**Given material**
◆ ◆ ◆

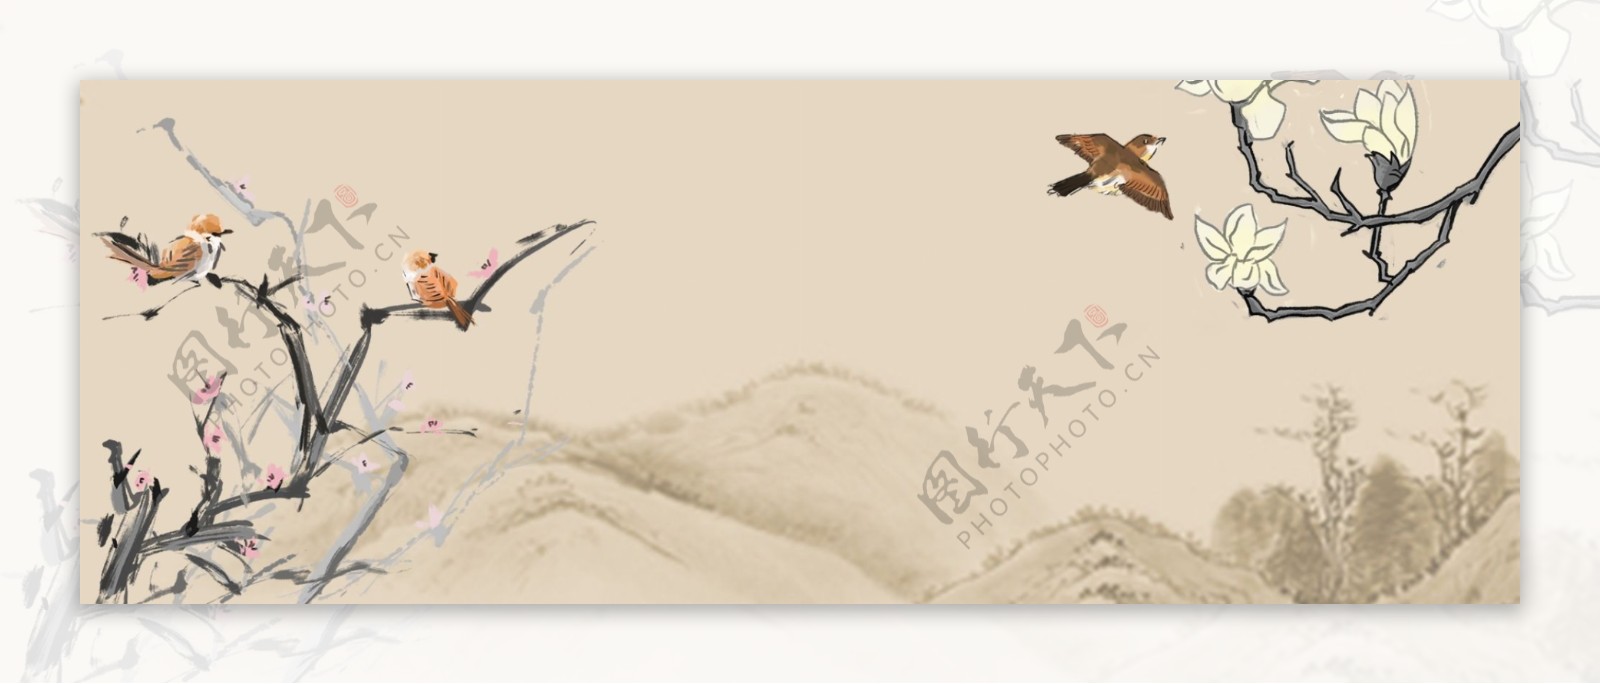 中式古风水墨山水木兰壁纸背景素材
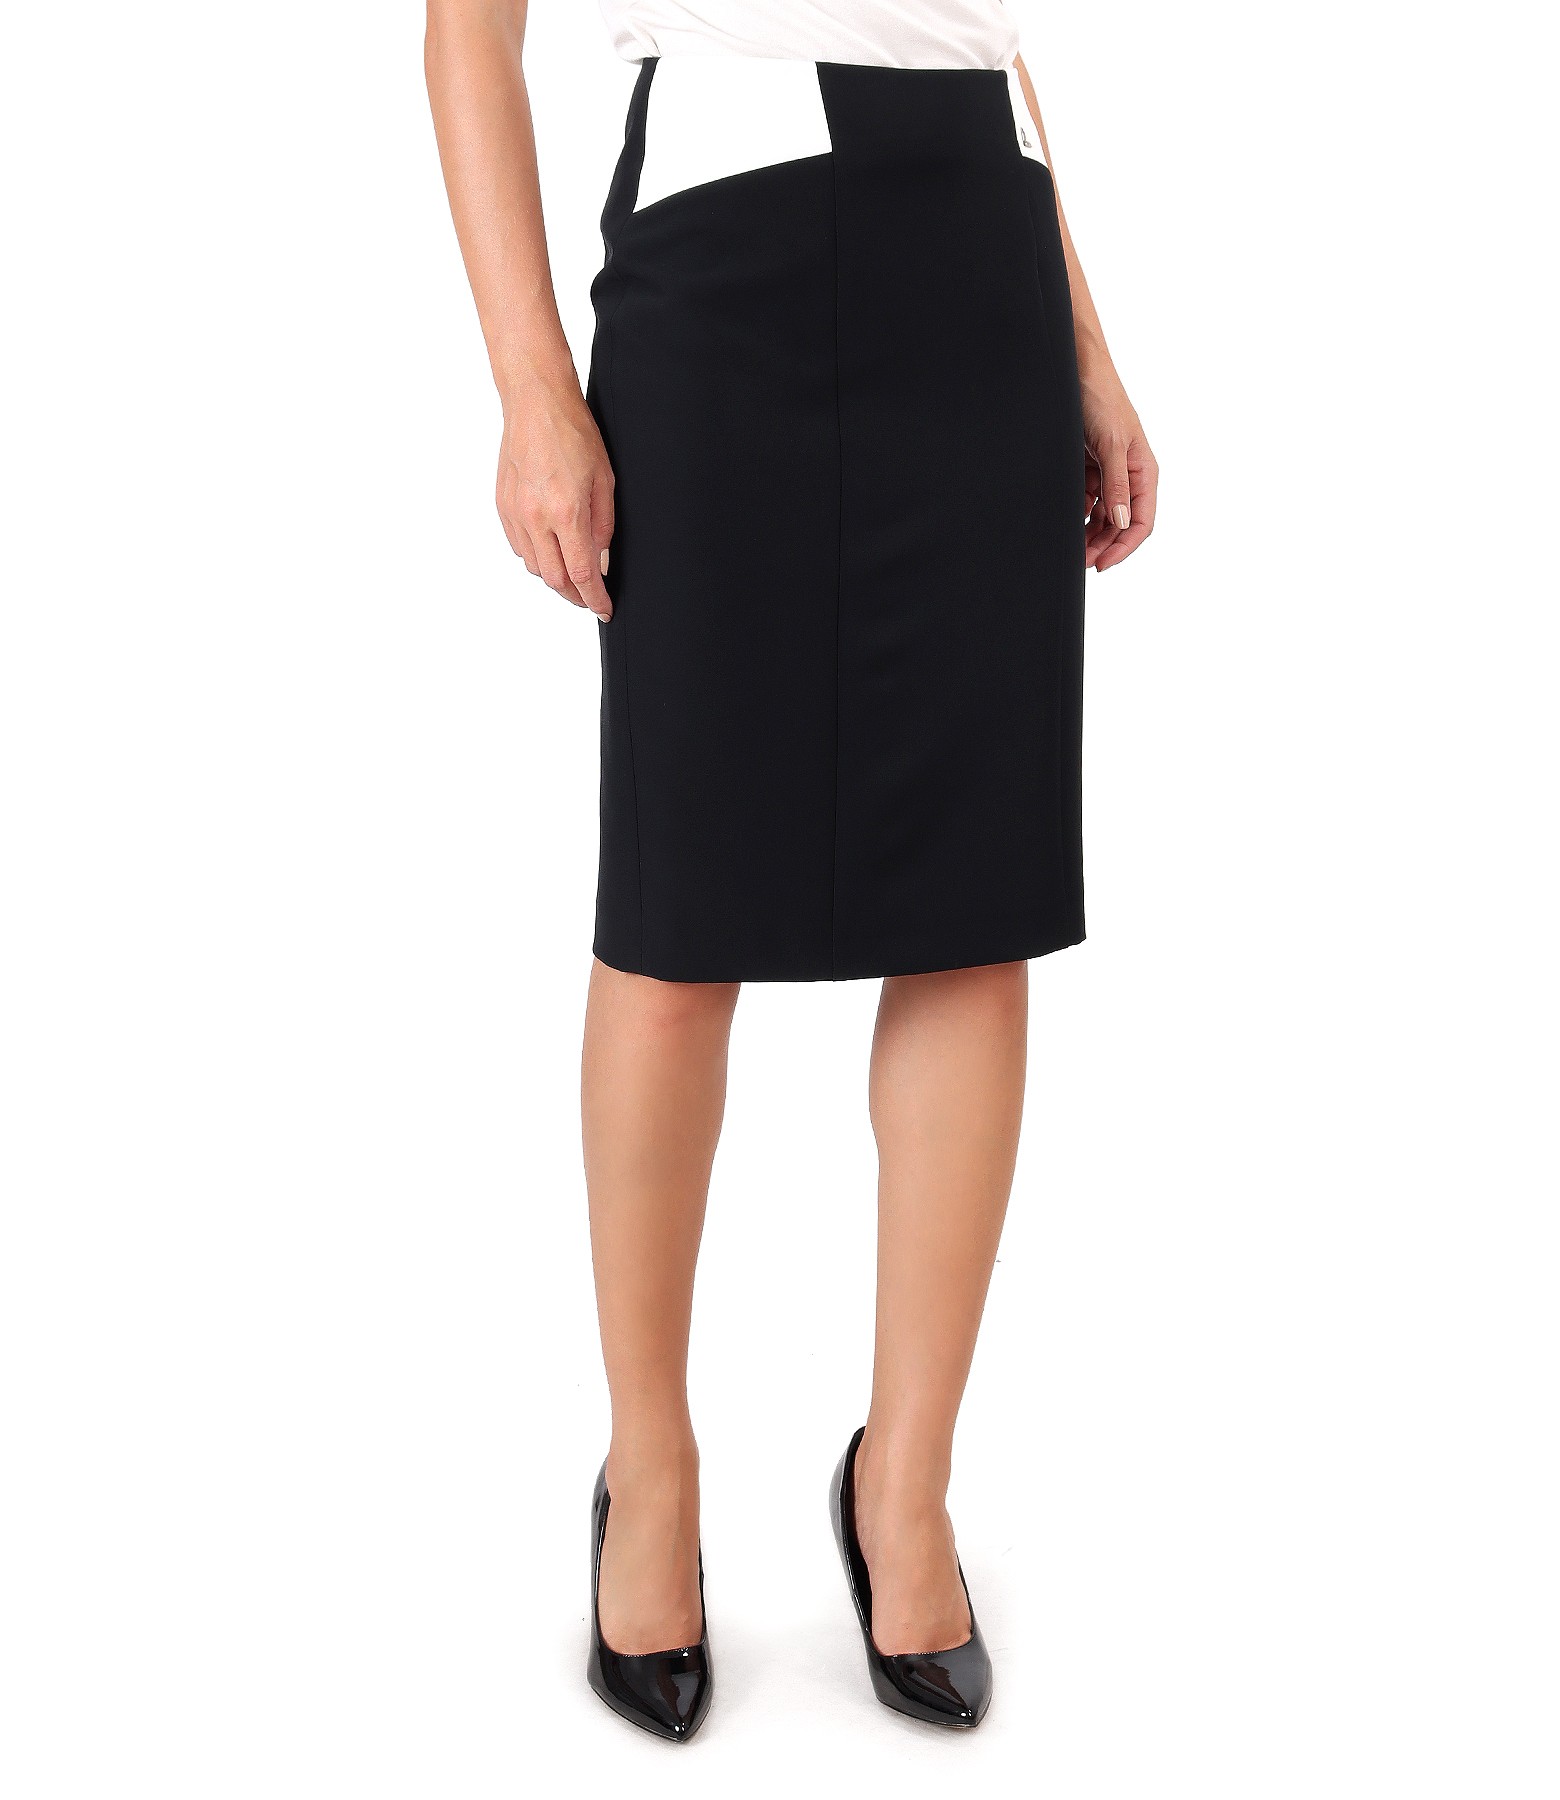 Elastic fabric skirt in two colors black - YOKKO
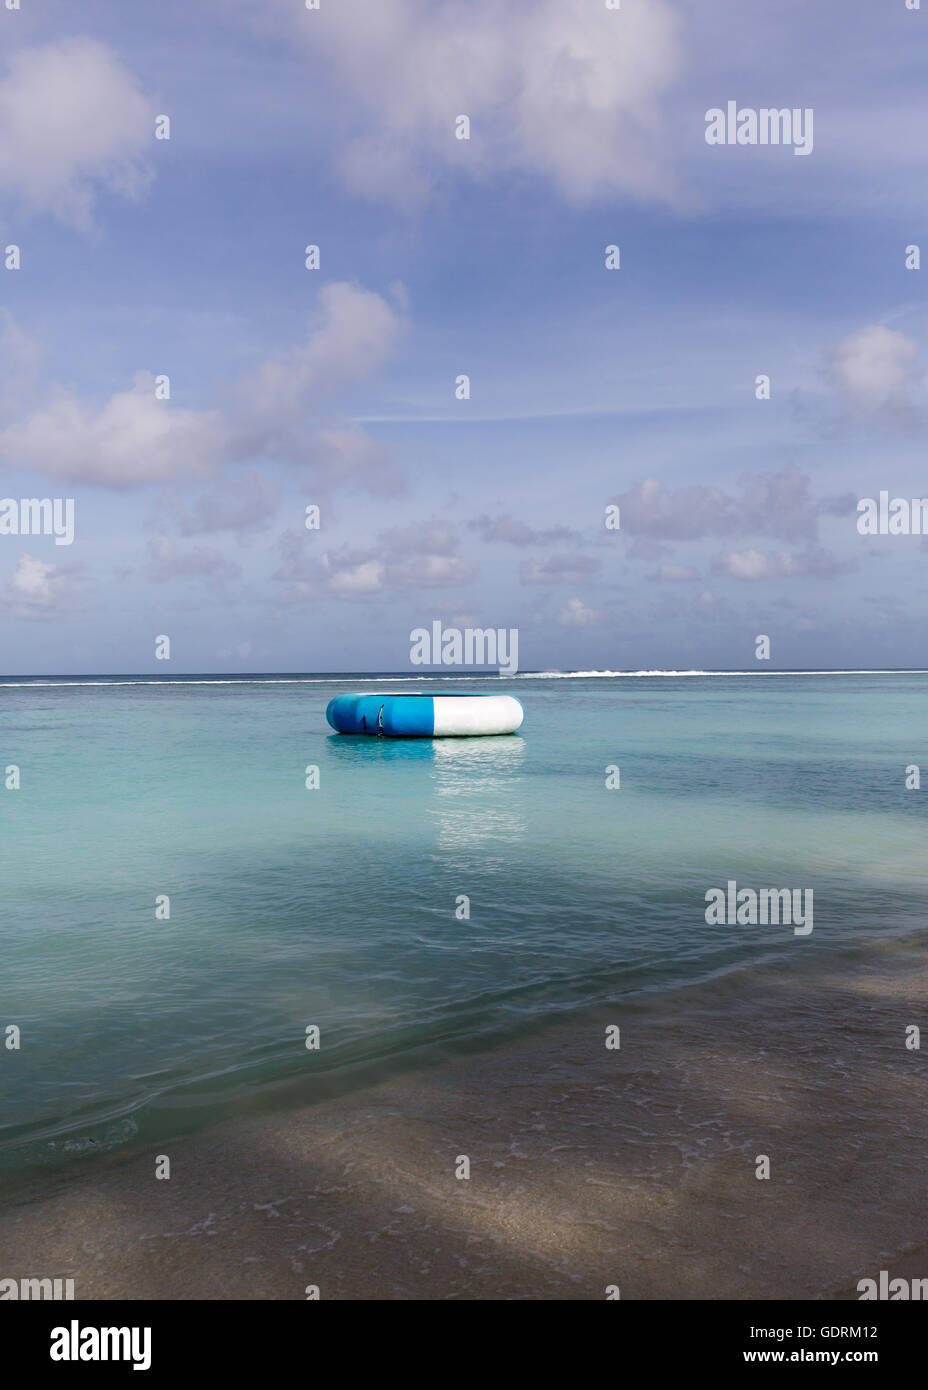 Hulhulmale, Maldives. Stock Photo

◆ ◆ ◆

**What this task involves**
Print verbatim every line above, apart from the pictures.

**Result of this exercise**
 中式古风水墨山水木兰壁纸背景素材
 Elastic fabric skirt in two colors black - YOKKO
 Hulhulmale, Maldives. Stock Photo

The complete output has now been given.